→ **Directions for this task**
Each line below must be set down exactly; omit any image you find.

→ **Dataset excerpt**
- Opening Delimiter -
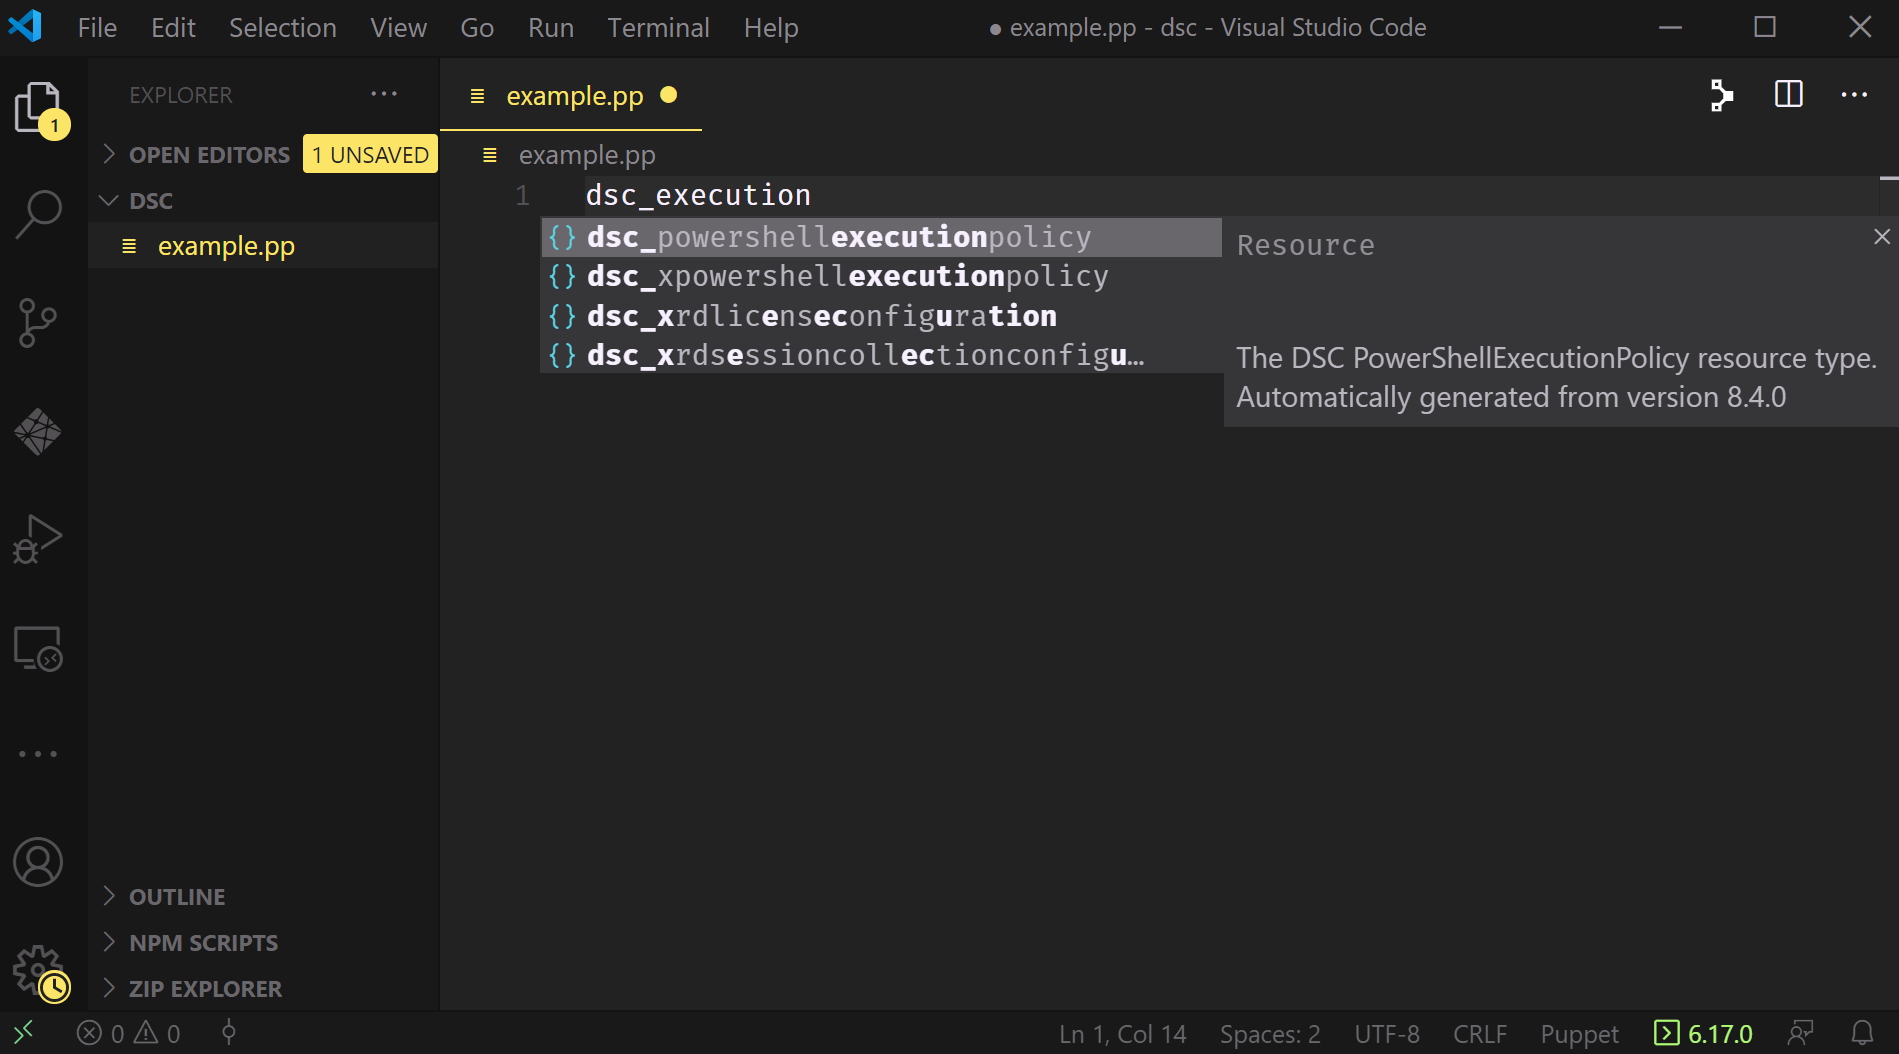 A VSCode window showing the text ‘dsc_execution’ has raised a tooltip which lists multiple possible matches, including dsc_powershellexecutionpolicy, and to the right it shows the help information for this resource.
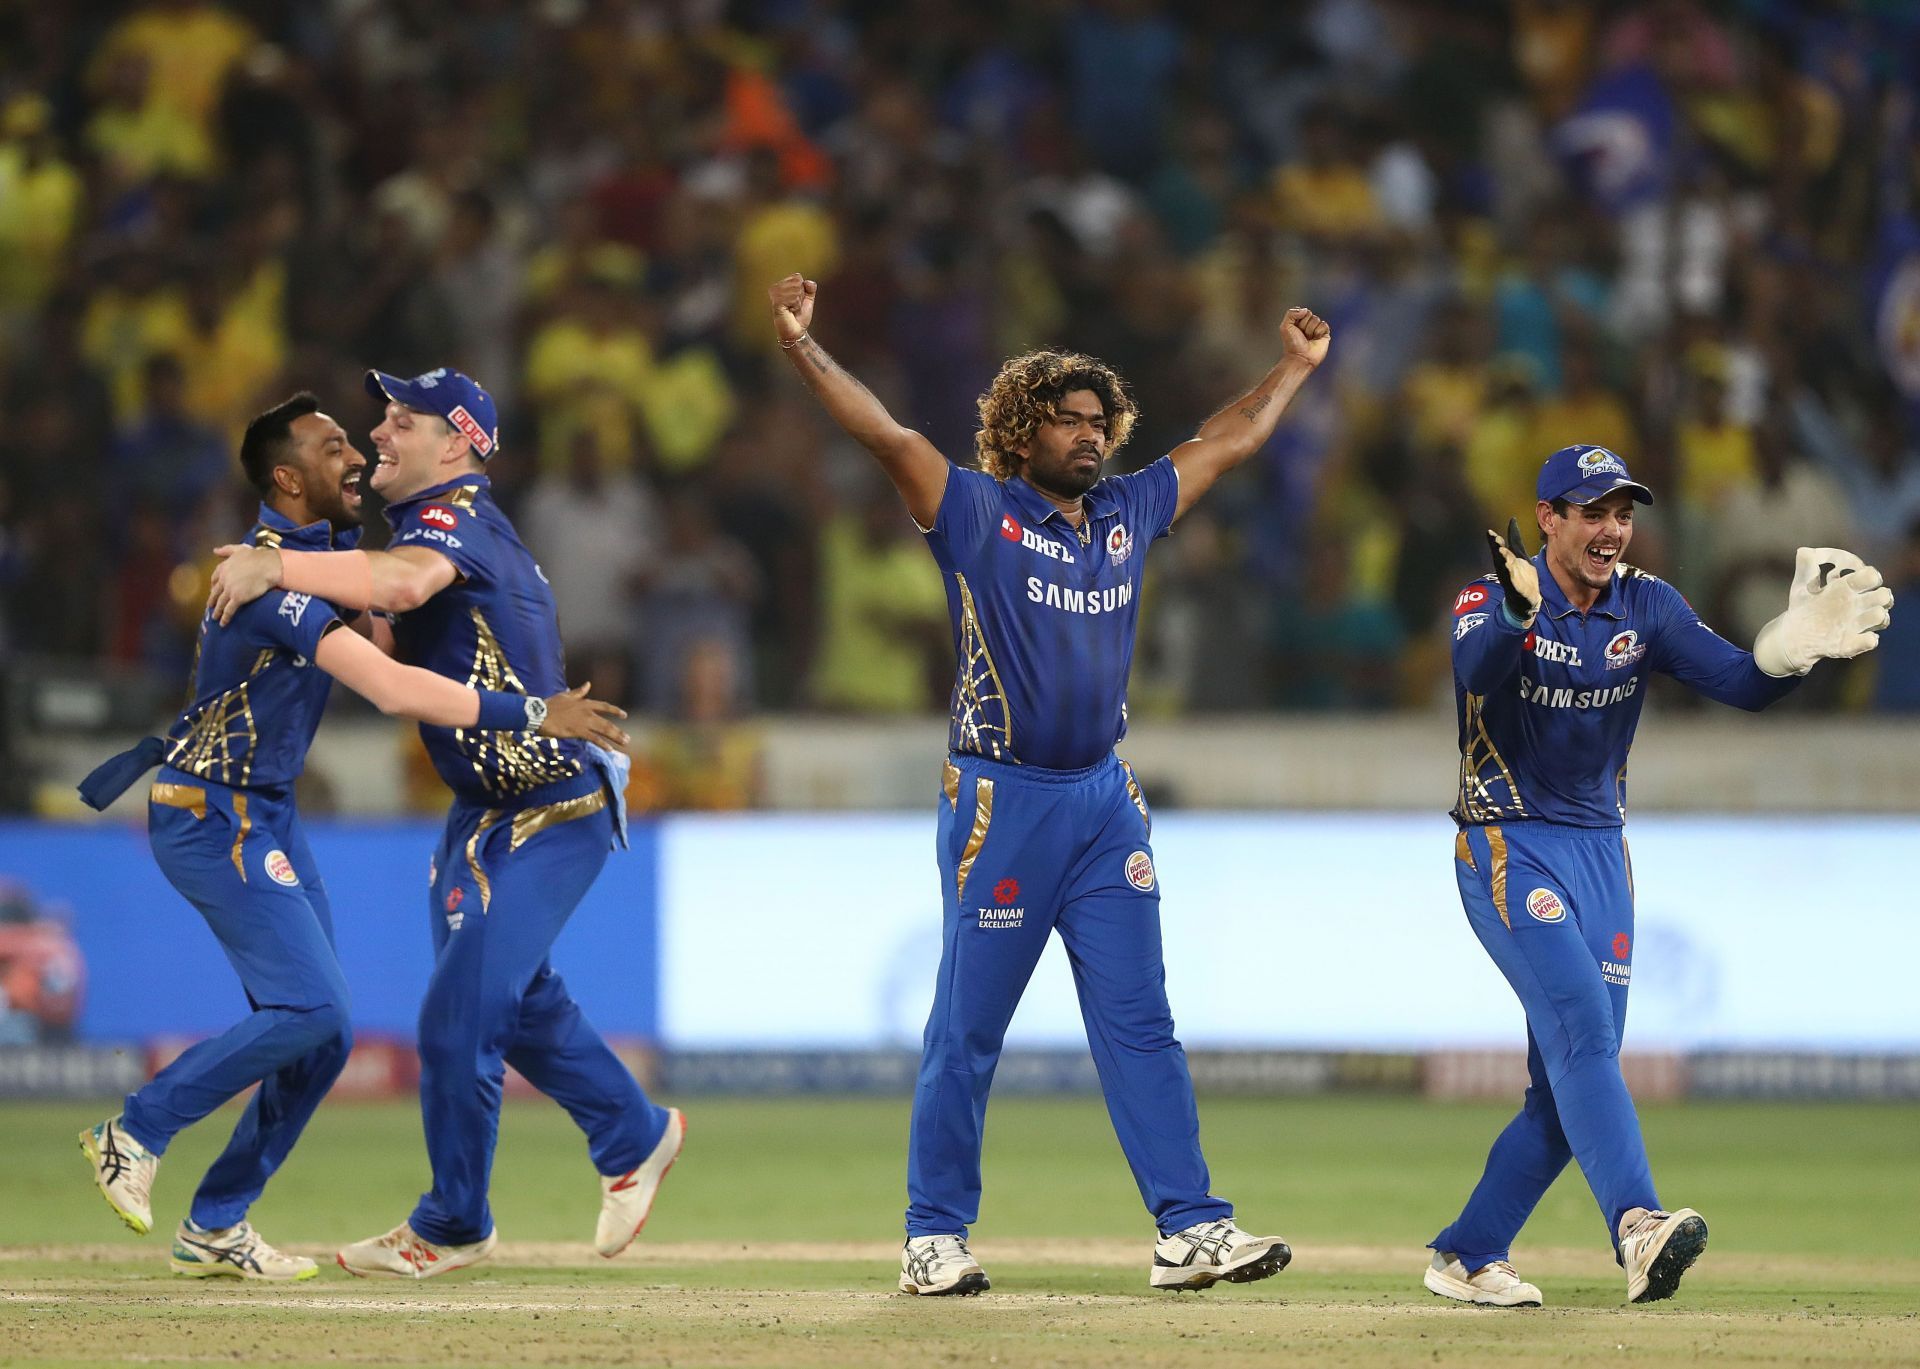 Lasith Malinga is the leading wicket-taker in the IPL. Pic: Getty Images
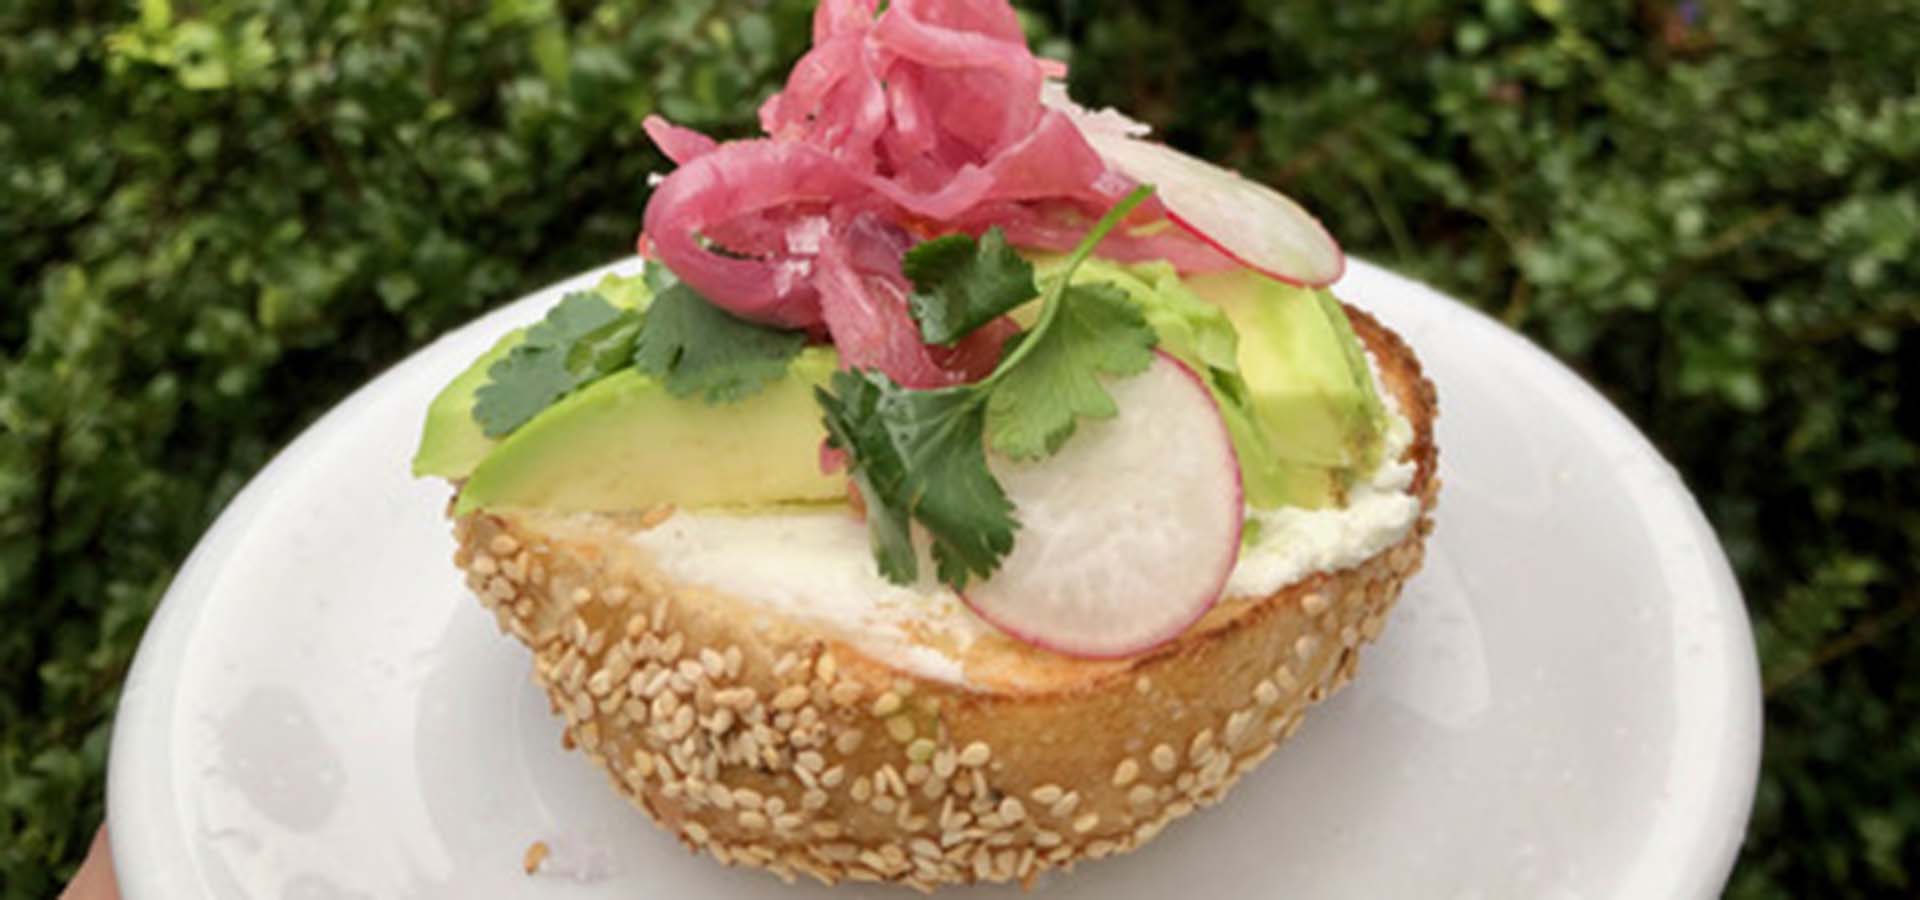 Half a sesame bagel with cream cheese, avocado, radish and pickled onion on a plate.
- Closing Delimiter -
→ **Response box**
 A VSCode window showing the text ‘dsc_execution’ has raised a tooltip which lists multiple possible matches, including dsc_powershellexecutionpolicy, and to the right it shows the help information for this resource.
 Lasith Malinga is the leading wicket-taker in the IPL. Pic: Getty Images
 Half a sesame bagel with cream cheese, avocado, radish and pickled onion on a plate.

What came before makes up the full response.